Meta AI Launches Audiobox: A New AI Audio Model Supporting Voice Text Generation

2023-12-01

Meta AI has launched Audiobox, a new research model for generating audio. It allows for the creation of custom voices, sound effects, and soundscapes using voice and text prompts.

Audiobox builds upon Meta's previous voice generation model, Voicebox, significantly improving the controllability and quality of audio AI. The model outperforms previous systems in generating sounds and sound effects that accurately match the desired style and environment described in the text prompts.

What sets Audiobox apart is its ability to accept both voice recordings and natural language text as input. This dual input method provides finer control over audio generation.

For example, users can input a voice sample and add a text prompt like "speak slowly in a large cave" to change the rhythm or environment of the voice. The voice input retains its unique sound characteristics, while the text is used to modify other parameters.

Meta developed Audiobox to make audio production more accessible. The model reduces the difficulty of creating custom sounds, voices, and soundscapes for podcasts, videos, games, and other media projects. Even beginners can easily generate high-quality audio elements to enhance their projects without extensive professional knowledge.

However, responsible development is crucial, as with all impactful AI innovations. Meta has selectively granted usage permissions for Audiobox to researchers with a good track record in voice and responsibility research. To prevent misuse, the company has also implemented audio watermarking and sound authentication security measures in the model.
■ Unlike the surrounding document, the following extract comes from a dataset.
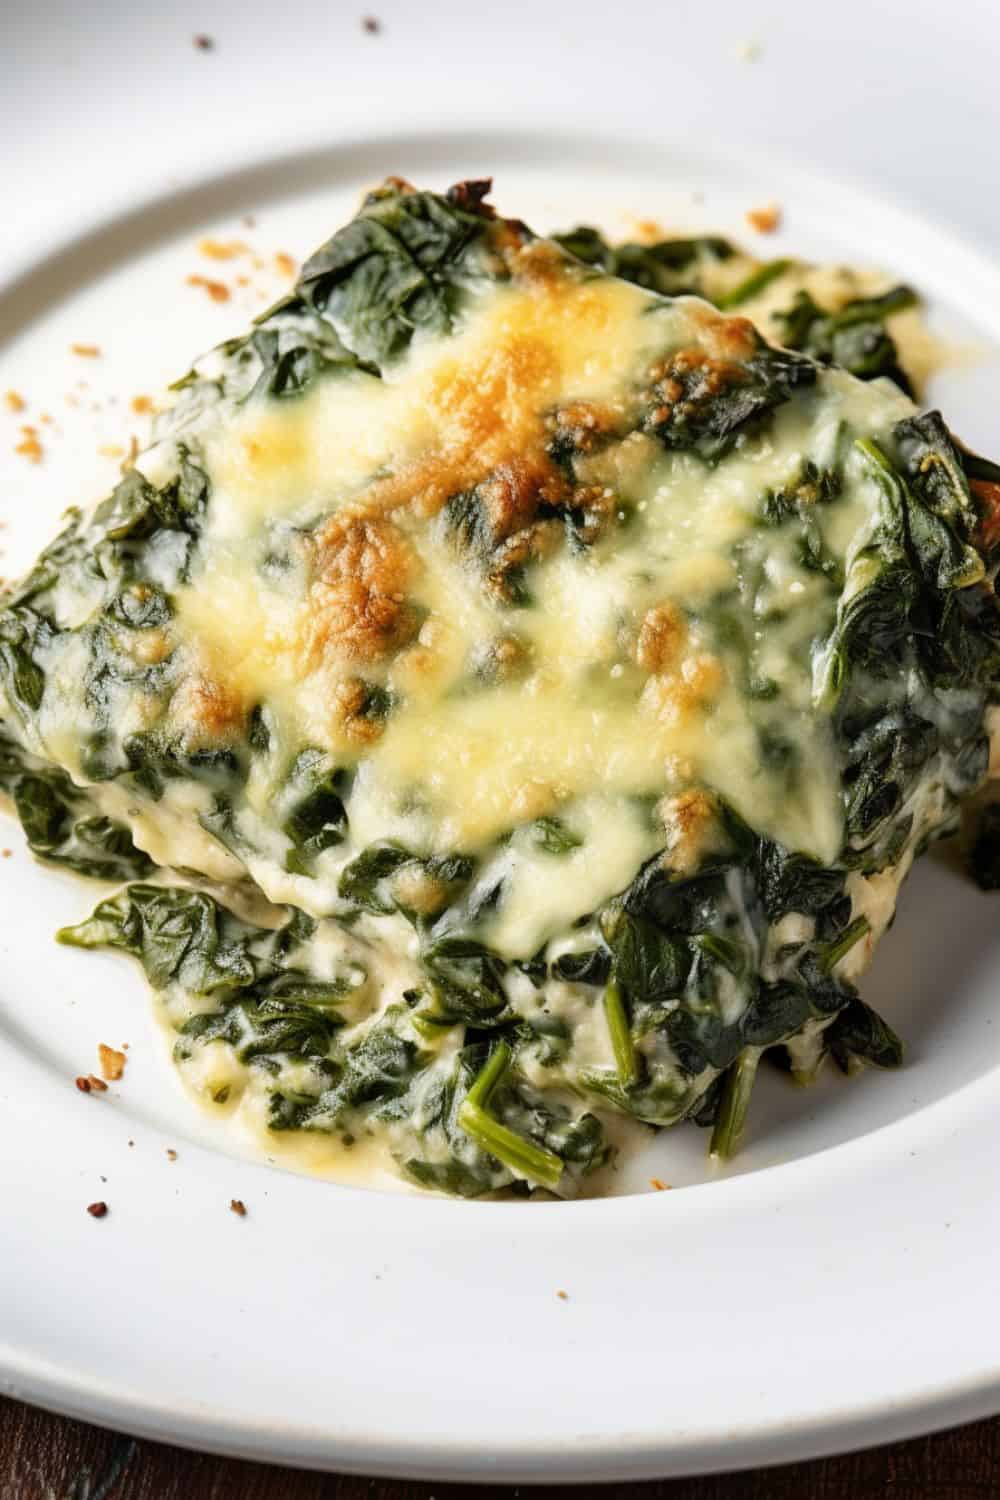 Individual serving of Spinach Gratin on a plate, garnished with a sprinkle of parsley, ready to be served at a family gathering.
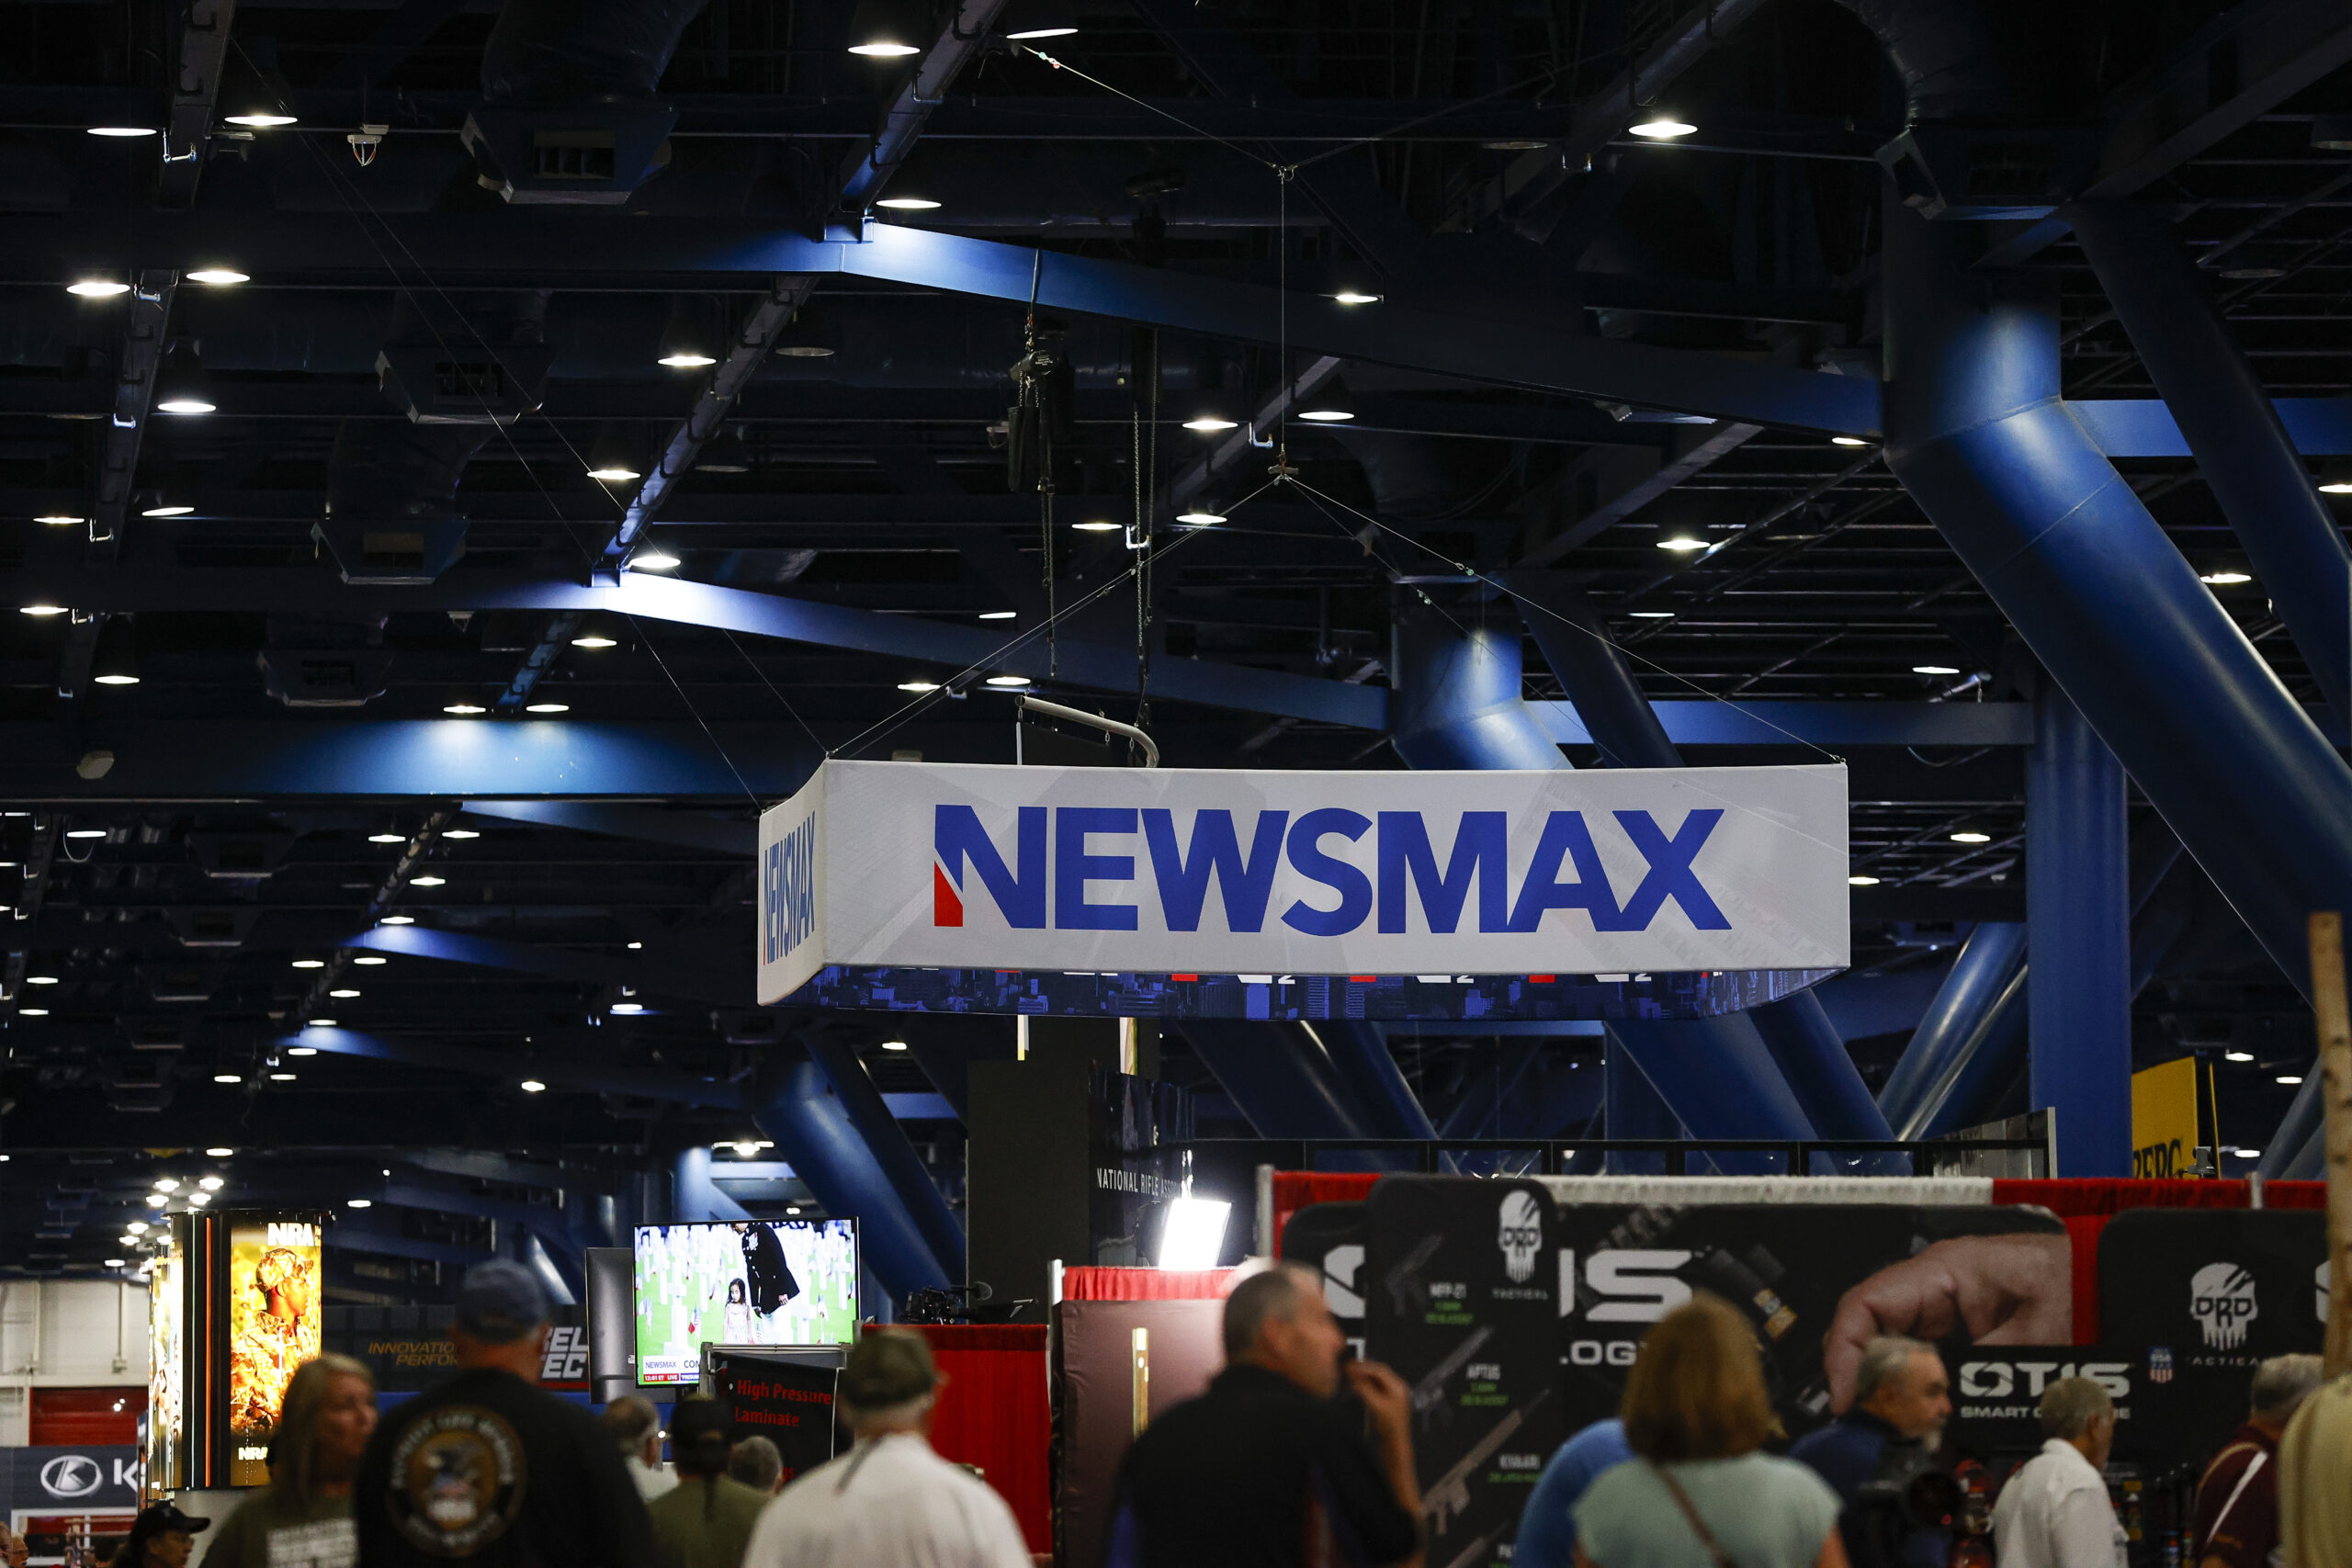 View of the Newsmax logo during NRA event

Earlier today, Alibaba Cloud also fully open-sourced its Qwen-Audio model. Similar to Audiobox, their multimodal base model can handle various types of audio data and text, achieving remarkable results in various benchmarks for sound understanding.

Between Meta's emphasis on controllability with Audiobox and Alibaba's focus on versatility with Qwen-Audio, responsible and fair open innovation in audio AI is clearly progressing. With more researchers gaining access to these powerful technologies, we are likely to see further breakthroughs in capabilities, versatility, and quality in this field.